Integration Tacotron
twidddj opened this issue · 4 comments
So far, I couldn't find the model which attention works in "reduction factor" = 1. If we use the factor > 1, the prediction would seem like below image. It would be a bad news to wavenet performance.
Here, the original Mel-spectrum is
You can find some discussion for this issue on @Rayhane-mamah's repo and @keithito's repo also.
Hi @twidddj, thanks for sharing your work!
I am assuming you trained the wavenet vocoder on ground truth mels? Did you try training it on ground truth aligned samples generated with the Tacotron ( r > 1 ) model?
In best cases the wavenet will learn to map mels correctly despite the noise in them. If it doesn't work, we'll try figuring out why attention isn't working with r=1. (Have not tested it yet, I get my gpu this week so I'll tell you how it goes)
Hi @Rayhane-mamah, welcome!
Yes, you are right. It has trained on ground truth mels not GTA. I have not tested it yet and have a plan to do it using @keithito's pretrained model(r=5) in next week. If you tell me how it goes on, it must be very helpful to me. We would get an achievement while we are at it.

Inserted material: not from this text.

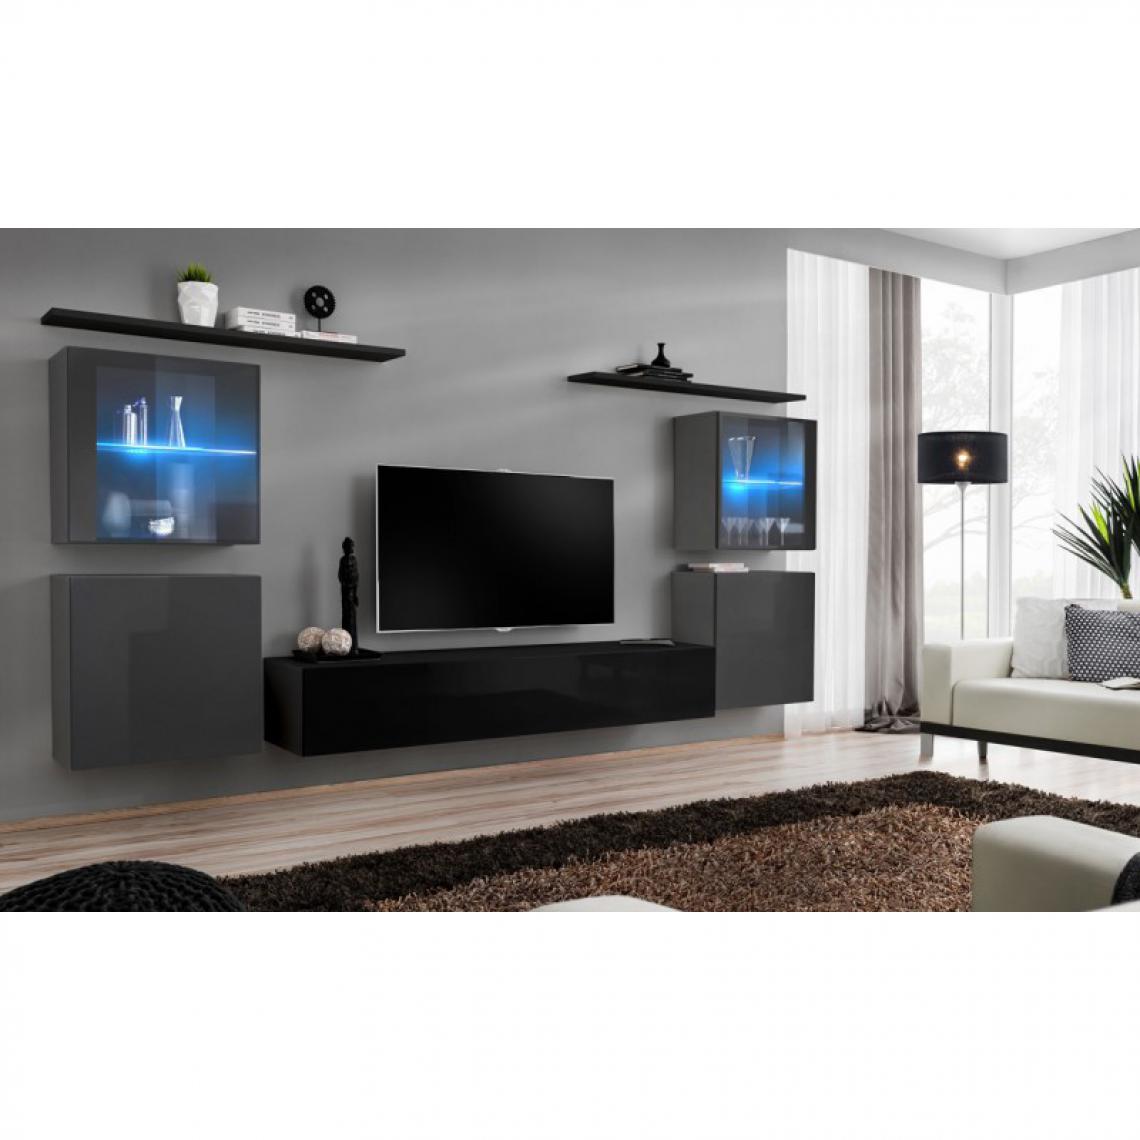 Ac-Deco - Meuble TV Mural Design Switch XIV 320cm Gris & Noir - Meubles TV, Hi-Fi

We have tried some works for this issue.
- Tested Rayhane-mamah's Tacotron-2 with r=1. It's attention works and the intelligibility of TTS remarkably improved compared to previous version. However there is another issue reported by him. We believe the problem would be solved soon. Thanks!
- Tested our vocoder on the mel spectrograms computed through the same method as Tacotron2 paper( 2048 fft_size, 300 hop_size, 1300 window_size on 24K sample rate). Although it seems to require more training steps(over 1000K) than r9y9's setting, it works too. Thanks to @Ondal90!